Risk 1: Whistle-Blower Allegations, Investigations and CEO/CFO Compliance
Whistle-blower activities are arising worldwide and also in China. The following forces are driving this trend: Foreign companies have rolled-out their whistle-blower systems to their subsidiaries in China, and the Chinese regulator can provide high rewards to whistle-blower. Rewards can usually reach up to RMB 500K (approx. EUR 68K), and under certain requirements even exceed this amount. The rise of whistle-blower allegations will lead to more investigation risks - externally by regulators and internally by the affected company. This will certainly hit the overall liability risk profile of foreign business in China.

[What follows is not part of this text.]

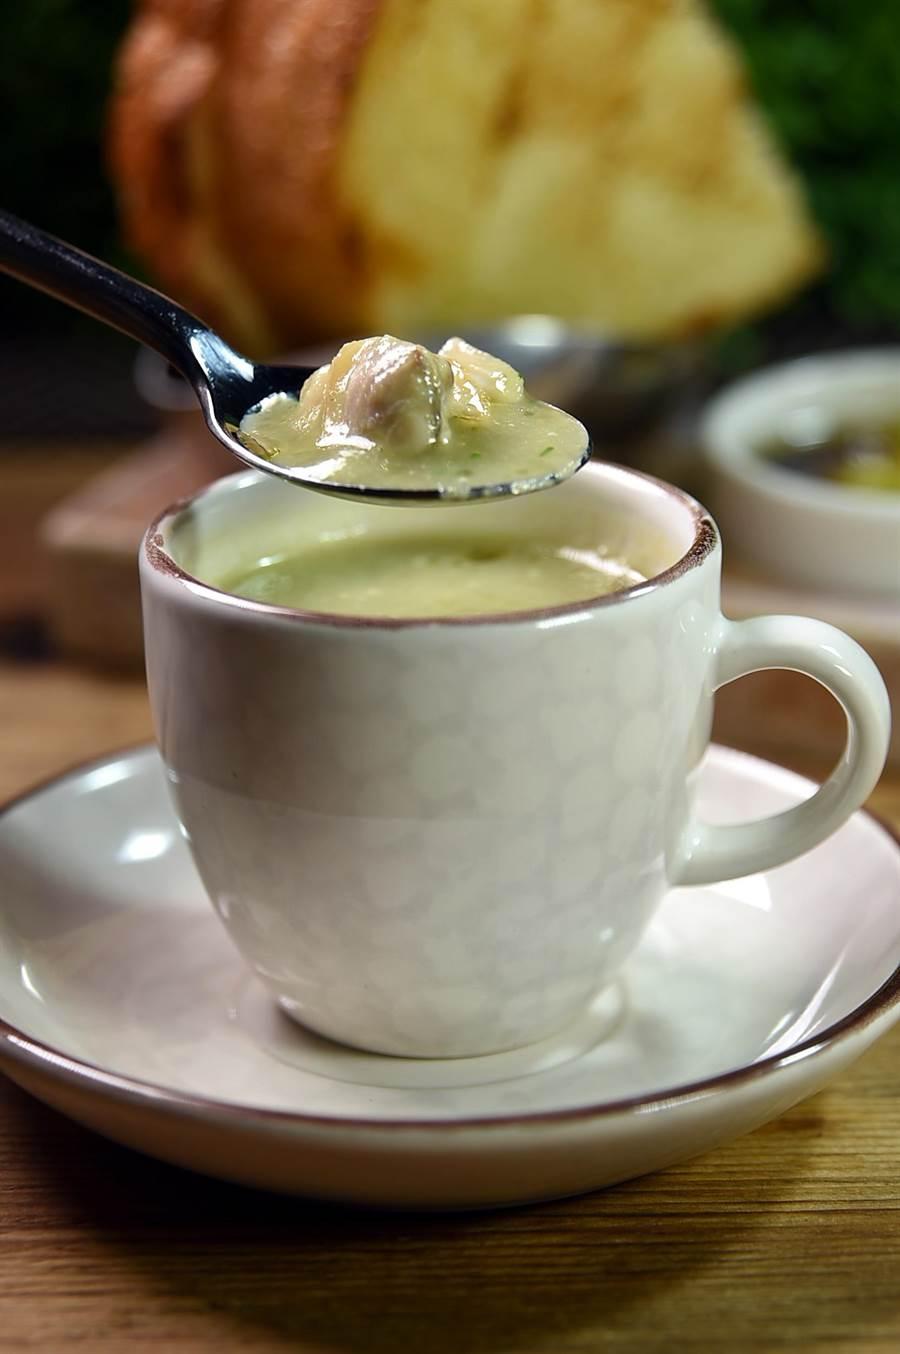 〈 TK SEAFOOD & STEAK〉主廚蔡泰源作的〈蛤蜊絲瓜濃湯〉,是用炒過的絲瓜與洋蔥熬製,湯質濃稠、絲瓜甘甜。蛤蜊清鮮。(圖/姚舜)

CEO’s and CFO’s, no matter whether they are running the business in China or abroad, face an increasing level of personal liability risks in conjunction with disclosure, investigation and risk prevention obligations. Foreign business needs to be aware of the regulatory do’s and don’ts in conjunction with the management of whistle-blower allegations, external investigations by regulators, and how to conduct an internal investigation in China.
Risk 2: Attacks by Competitors
Companies are facing aggressive competitors, who don’t comply with the regulations (e.g. in relation to environmental law requirements, product safety, know-how protection, anti-corruption, etc) in order to lower costs and get illegal business advantages. Competitors can also spread deliberately fake news about the quality of products and services in order to damage the brand’s reputation. Unfair marketing practices by competitors will also hit the company’s business. Therefore, it is important to develop robust and realistic legal strategies, which can defend the company against those attacks. The available legal tools for stopping the competitor’s attacks, very much depend on the individual scenario and the affected industry. Some industry sectors have set up their internal blacklisting systems in order to inform each other about wrongdoings. Soft legal tools usually start by alerting the Chief Compliance Officer, Ombudsman or other senior management of the competitor and could end up involving the prosecutor, all of which depends on the individual situation.
Risk 3: Reputation Risks in a Hyper-Connected World
More than 13 millions read the story on the Chinese social network Weibo, that the CEO of a German leading company’s trucks division in China, a German citizen, has made insulting remarks about the Chinese. Many of them asked to boycott this foreign car brand. This story, which spread like wildfire, demonstrates that foreign companies in China need to have strategies in place in order to respond quickly to allegations at social media, which can damage the reputation of their brands. Cyber attacks, which leak confidential information, will damage the company’s reputation too. Social media activities of staff, e.g. at the Chinese WeChat, can lead to reputational risks too. The reaction time to allegations in the hyper-connected world of social media platforms is very limited, so that often a reaction of the affected company is required before internal investigations have been completed. Foreign companies in China need to anticipate these reputational risks, and need to develop china-realistic legal strategies, in order to be well prepared to manage the next reputation crisis.
Risk 4: Restructuring Hit by Hidden Risks
Downsizing business in China can quickly lead to dynamic scenarios, where hidden legal, tax, customs, environmental, product security or other risks could arise, and are getting difficult to manage. The actual risk profile of the company could be unclear given that the previous local management was not interested to mitigate the company’s liability risks, and the headquarter’s management did not realize that certain hidden risks are actually existing. This particularly applies to those foreign investors, who rushed into the Chinese market and had a weak internal control. Hidden risks are usually connected to intransparent procurement and sales practices of the company. Additional typical risk drivers is a high involvement of third parties and a low retention rate. Restructuring plans are getting hit or even failed once hidden risks pop up. These negative scenarios can be avoided by an early risk audit. Risk audits can help to screen first the actual risk profile of the operation in China, and will be then used as a solid basis for the mitigation of the identified risks and the development of a safe restructuring plan, before staff, business partners and authorities will be involved.
Risk 5: Copy Paste Approach Fails in China
It is risky to simply copy and paste the compliance management system from the headquarter abroad and apply to the Chinese subsidiary. This approach will likely fail in practice. Typical examples: The online compliance training, which has been worked out by the headquarter abroad, fails in China due to technical intranet issues. The Global Code of Conduct is not available in Chinese language, or is just not binding due to specific effectiveness requirements under Chinese laws. The internal audit on the China business will be conducted by staff from the headquarter, who are not familiar with the Chinese language and the regulatory environment in China. The company either needs their own qualified internal audit team in China, or must involve external support. Further, the copy paste approach can’t address the operational risks typical in China. It would be ideal to use the headquarter’s compliance management system as the basis, and then to adjust it to the regulatory situation of the subsidiary in China. A solid compliance management system in China will be driven by transparency on the business partners, preventive protection tools and a rapid alert system.